Guide: Turn Hermes from Stateless Chat into a Stateful Agent
Out of the box, a chat agent is usually stateless. It can reason well inside the current context window, but when the session ends, the working relationship resets. That is fine for one-off prompts. It is weak for real assistant workflows.
If you want Hermes to act more like a stateful agent, the missing piece is persistent memory. Hindsight gives Hermes a long-term memory layer so relevant facts can survive the session boundary and come back later when needed.
That is the shift from good chat to useful ongoing agent.
Quick answer
- Connect Hermes to Hindsight.
- Pick a stable bank strategy.
- Let memory retain what matters across sessions.
- Start fresh sessions and confirm recall still works.
- Expand from one-off chat into a reusable workflow.
What stateless chat is good at
Stateless chat is good at local reasoning. Give Hermes enough context in the current session and it can do excellent work.
The problem is continuity.
The next time you open Hermes, it does not automatically know:
- your preferences
- your ongoing projects
- what decisions you made last week
- which people or accounts matter in the current workflow
That is what makes many agents feel smart in the moment but forgetful across time.

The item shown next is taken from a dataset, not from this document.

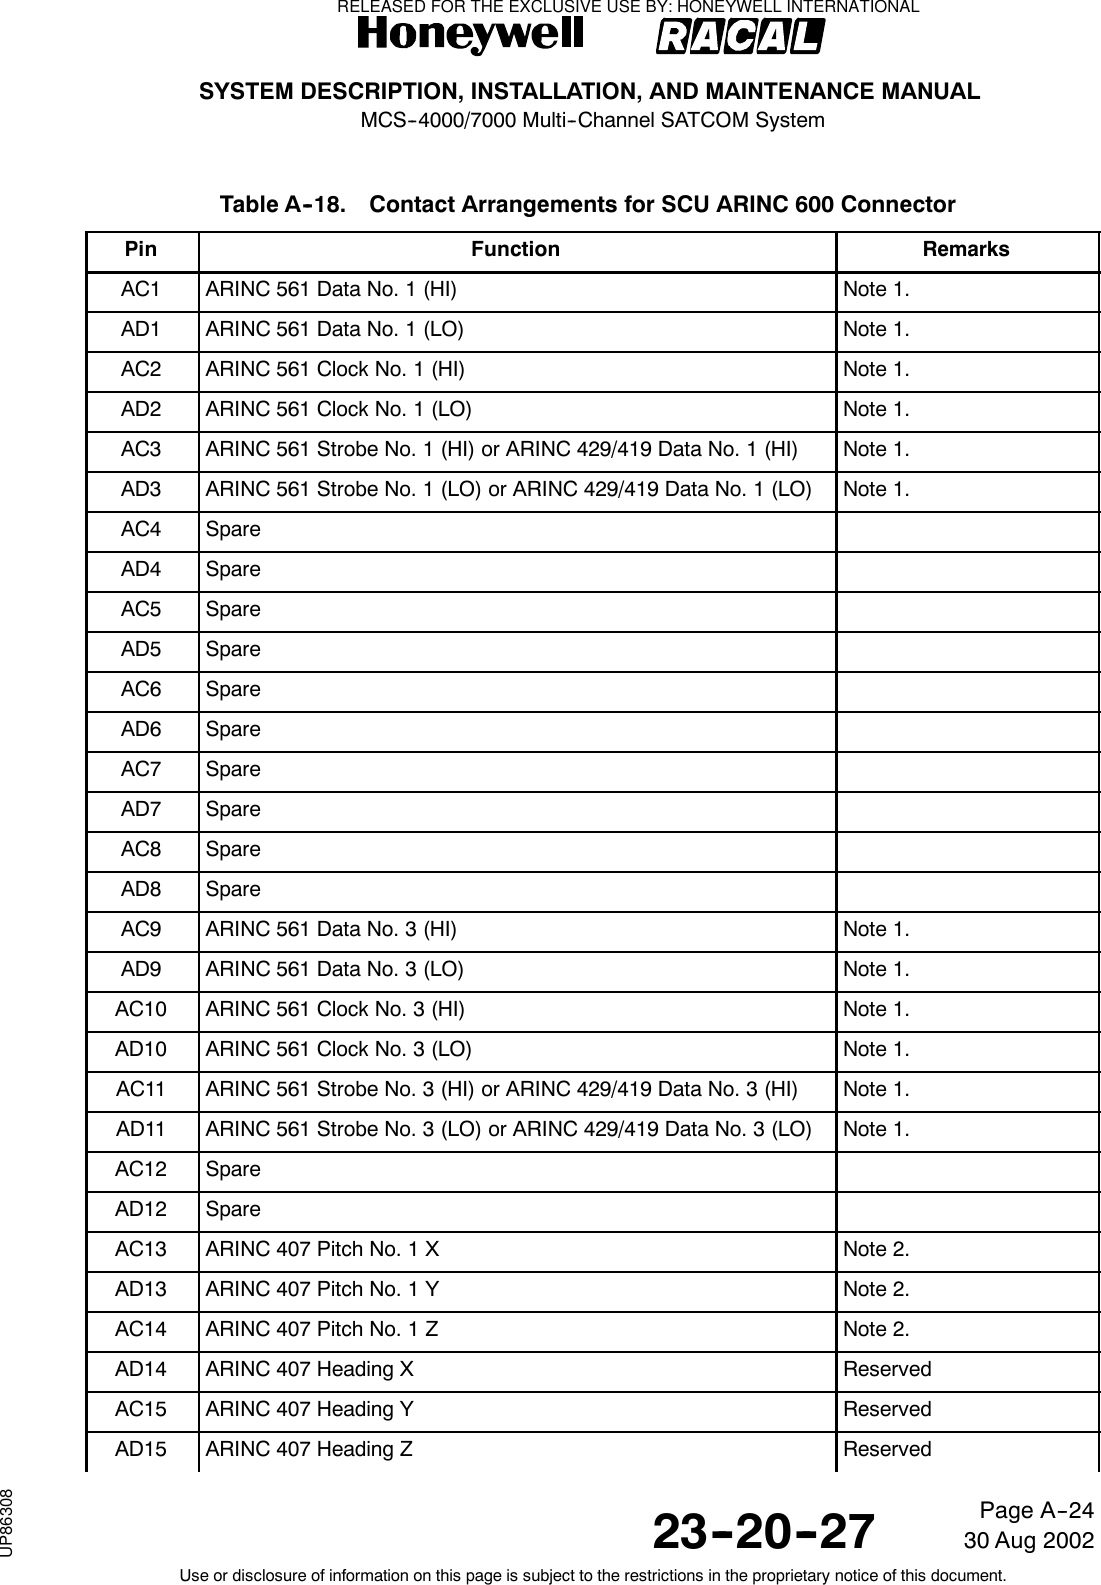 SYSTEM DESCRIPTION, INSTALLATION, AND MAINTENANCE MANUALMCS--4000/7000 Multi--Channel SATCOM System23--20--2730 Aug 2002Use or disclosure of information on this page is subject to the restrictions in the proprietary notice of this document.Page A--24Table A--18. Contact Arrangements for SCU ARINC 600 ConnectorPin Function RemarksAC1 ARINC 561 Data No. 1 (HI) Note 1.AD1 ARINC 561 Data No. 1 (LO) Note 1.AC2 ARINC 561 Clock No. 1 (HI) Note 1.AD2 ARINC 561 Clock No. 1 (LO) Note 1.AC3 ARINC 561 Strobe No. 1 (HI) or ARINC 429/419 Data No. 1 (HI) Note 1.AD3 ARINC 561 Strobe No. 1 (LO) or ARINC 429/419 Data No. 1 (LO) Note 1.AC4 SpareAD4 SpareAC5 SpareAD5 SpareAC6 SpareAD6 SpareAC7 SpareAD7 SpareAC8 SpareAD8 SpareAC9 ARINC 561 Data No. 3 (HI) Note 1.AD9 ARINC 561 Data No. 3 (LO) Note 1.AC10 ARINC 561 Clock No. 3 (HI) Note 1.AD10 ARINC 561 Clock No. 3 (LO) Note 1.AC11 ARINC 561 Strobe No. 3 (HI) or ARINC 429/419 Data No. 3 (HI) Note 1.AD11 ARINC 561 Strobe No. 3 (LO) or ARINC 429/419 Data No. 3 (LO) Note 1.AC12 SpareAD12 SpareAC13 ARINC 407 Pitch No. 1 X Note 2.AD13 ARINC 407 Pitch No. 1 Y Note 2.AC14 ARINC 407 Pitch No. 1 Z Note 2.AD14 ARINC 407 Heading X ReservedAC15 ARINC 407 Heading Y ReservedAD15 ARINC 407 Heading Z ReservedRELEASED FOR THE EXCLUSIVE USE BY: HONEYWELL INTERNATIONALUP86308

What stateful behavior looks like
A stateful agent does not just answer the current message. It carries forward the relationship and the work.
That means Hermes can:
- recall preferences without being told again
- resume projects without a full briefing
- carry customer or account context across conversations
- build up operational knowledge over repeated sessions
Memory is what makes that possible.
Step 1: Add a memory layer
The shortest setup path is:
hermes memory setup
Choose Hindsight. Once connected, Hermes can retain and recall context across sessions instead of treating every chat as a fresh start.
Step 2: Pick a bank strategy
Statefulness only works when the memory scope makes sense.
Good defaults:
- one bank per user assistant
- one bank per project
- one bank per customer or workflow
Bad default:
- one giant bank for unrelated work
The cleaner the scope, the better recall feels.
Step 3: Let real work create the memory
You do not need to manually author every memory entry.
As you use Hermes naturally, the system can retain the durable facts behind the conversation: preferences, decisions, project details, recurring issues, and relationship context.
That is what turns normal usage into a compounding asset.
Step 4: Verify statefulness with a fresh session
A simple test:
- Tell Hermes a fact that should matter later.
- End the session.
- Start a fresh session.
- Ask about the earlier fact without reintroducing it.
If Hermes can answer correctly, the workflow has crossed from stateless to stateful.
Where this matters most
Personal assistant workflows
Preferences and ongoing plans should not need to be re-entered every time.
Customer-facing workflows
Accounts, stakeholders, and prior conversations should carry forward.
Coding workflows
Repo context and prior debugging work should be available in the next session.
Why this is better than bigger context windows
A larger context window helps inside the current run. It does not give you durable cross-session memory by itself.
Stateful behavior is not just more tokens. It is the ability to retrieve the right context from the past when the present task needs it.
That is why persistent memory matters even for models with large context windows.
Common mistakes
- confusing chat history with long-term memory
- using one oversized bank for unrelated workflows
- expecting statefulness without testing recall in a fresh session
- trying to solve continuity only by pasting more context into each chat
FAQ
Is stateful Hermes just chat history?
No. The point is usable memory across sessions, not just one long transcript.
Do I need to change the model?
No. This is a memory-layer change, not a model replacement.
Can stateful memory be shared?
Yes, when the workflow benefits from a shared bank.